Keywords: intracuff pressure, tracheal stenosis, tracheo-oesophageal fistula, weaning
|How to cite this article:|
Babita, Kumar R, Singh B, Kamal M. Failed weaning due to acquired tracheo-oesophageal fistula and tracheal stenosis: a case report. Res Opin Anesth Intensive Care 2016;3:86-8
|How to cite this URL:|
Babita, Kumar R, Singh B, Kamal M. Failed weaning due to acquired tracheo-oesophageal fistula and tracheal stenosis: a case report. Res Opin Anesth Intensive Care [serial online] 2016 [cited 2020 Jun 4];3:86-8. Available from: http://www.roaic.eg.net/text.asp?2016/3/2/86/189785
| Introduction|| |
Tracheo-oesophageal fistula (TOF) is a rare but serious complication of airway instrumentation . It is observed in less than 1% of patients undergoing endotracheal intubation or tracheostomy procedures . Posterior wall perforation during the procedure or posterior wall erosion caused by excessive cuff pressure or abrasion by the tip of the tracheostomy tube cannula are responsible for the formation of TOF . Furthermore, mucosal ischaemia due to systemic disorders in intubated patients triggers the formation of TOF. Bronchoscopy is the gold standard for the diagnosis of TOF.

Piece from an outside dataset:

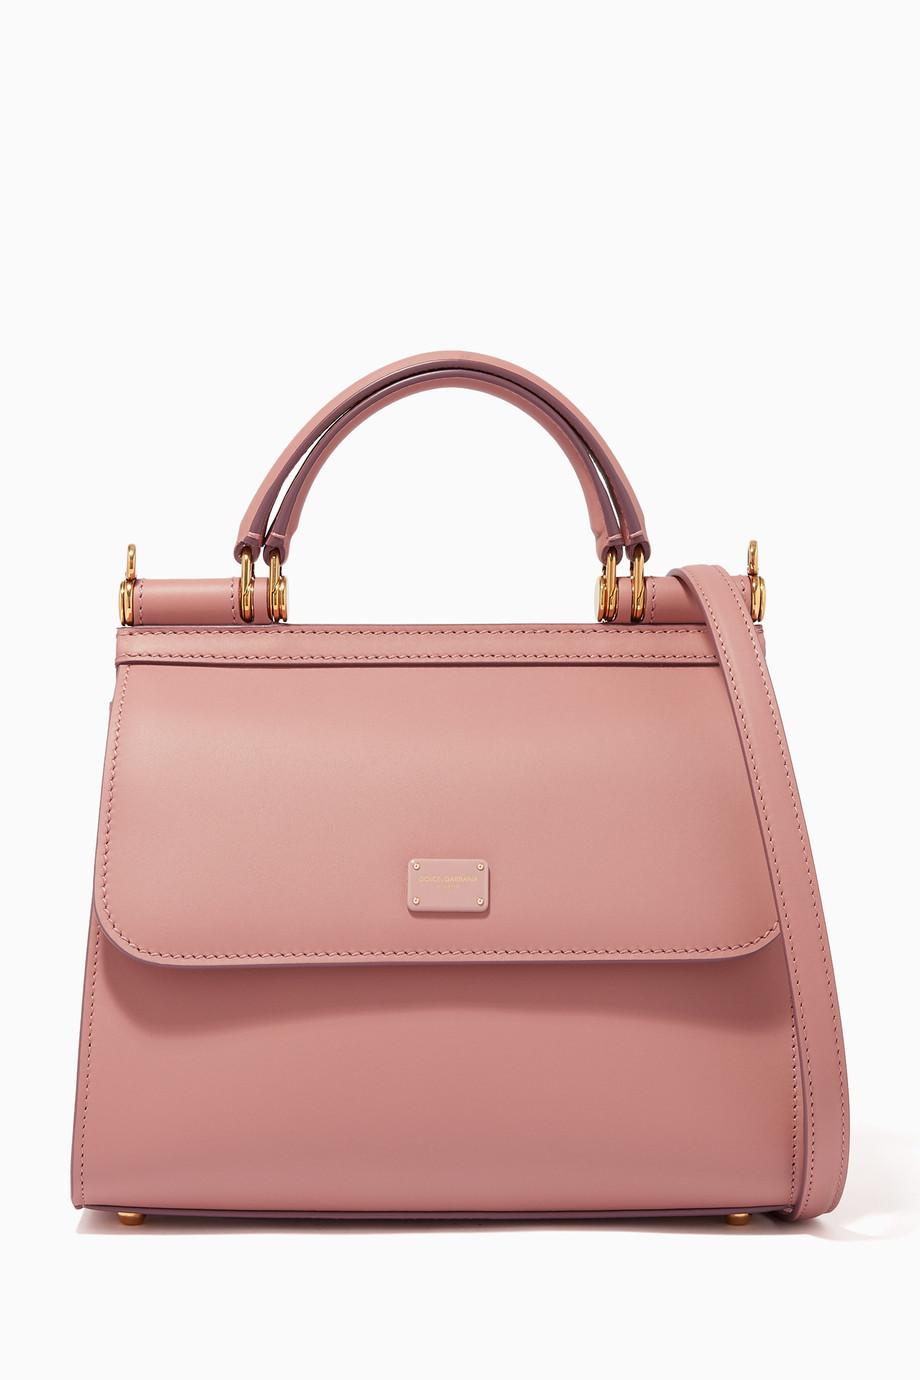 548c6ebc191 Shop Dolce & Gabbana Pink Sicily 58 Small Calfskin Bag for Women ...
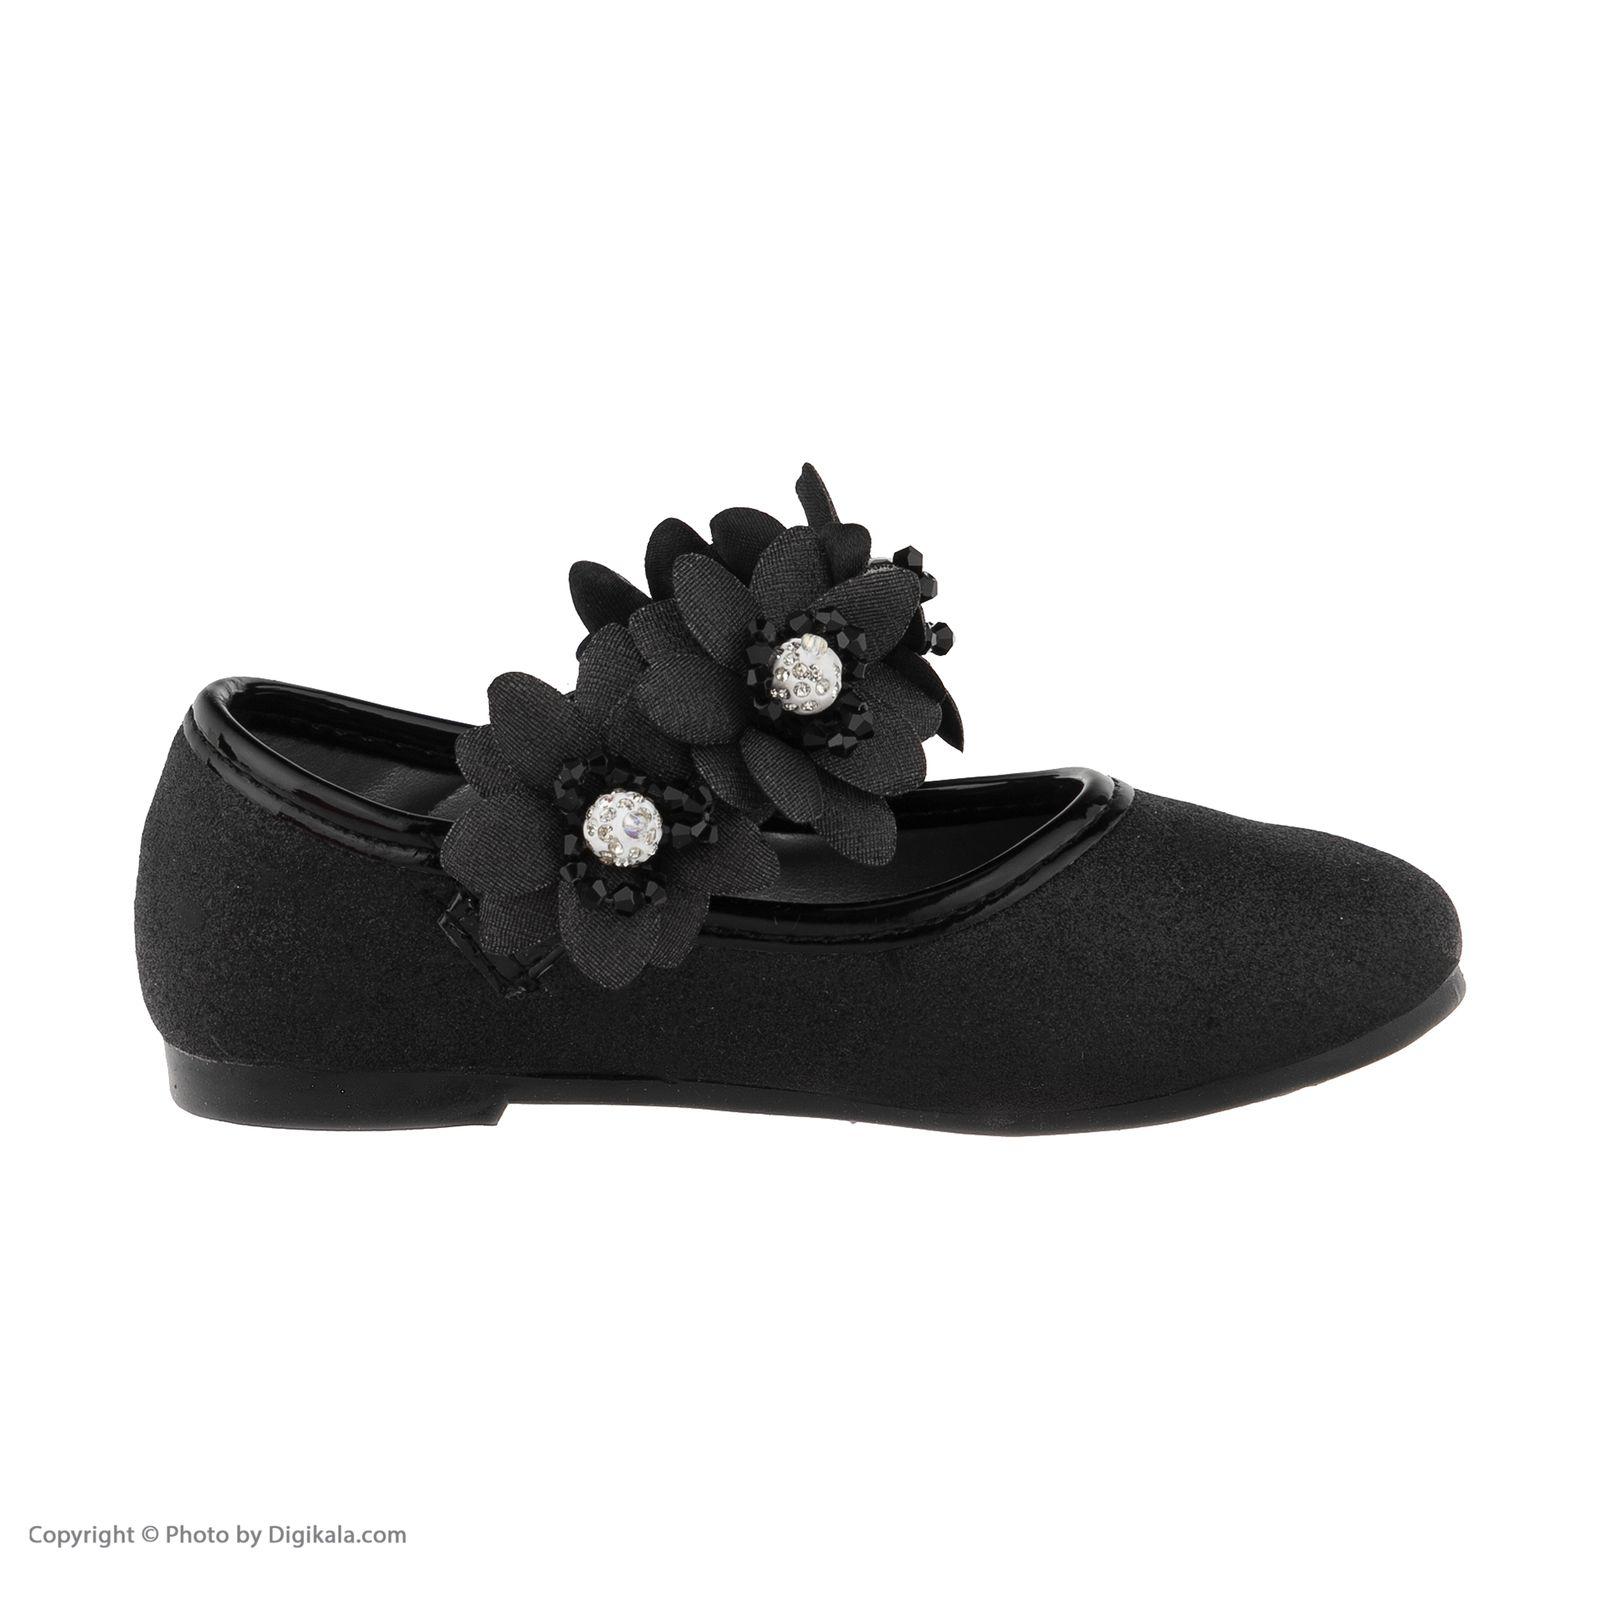 کفش دخترانه کد pa-1036 -  - 3

Tracheostomy tube cuff volume and pressure require constant monitoring to avoid tracheal injury. Because cuff pressures more than or equal to 30 cmH2O compress the mucosal capillaries and impair blood flow, with total occlusion occurring at 50 cmH2O, it is generally recommended that cuff pressures not exceed 20 cmH2O. Cuff volumes should not exceed 6–8 ml ideally, and the need to inflate the cuff to more than or equal to 10 ml should raise concerns about tracheal injury .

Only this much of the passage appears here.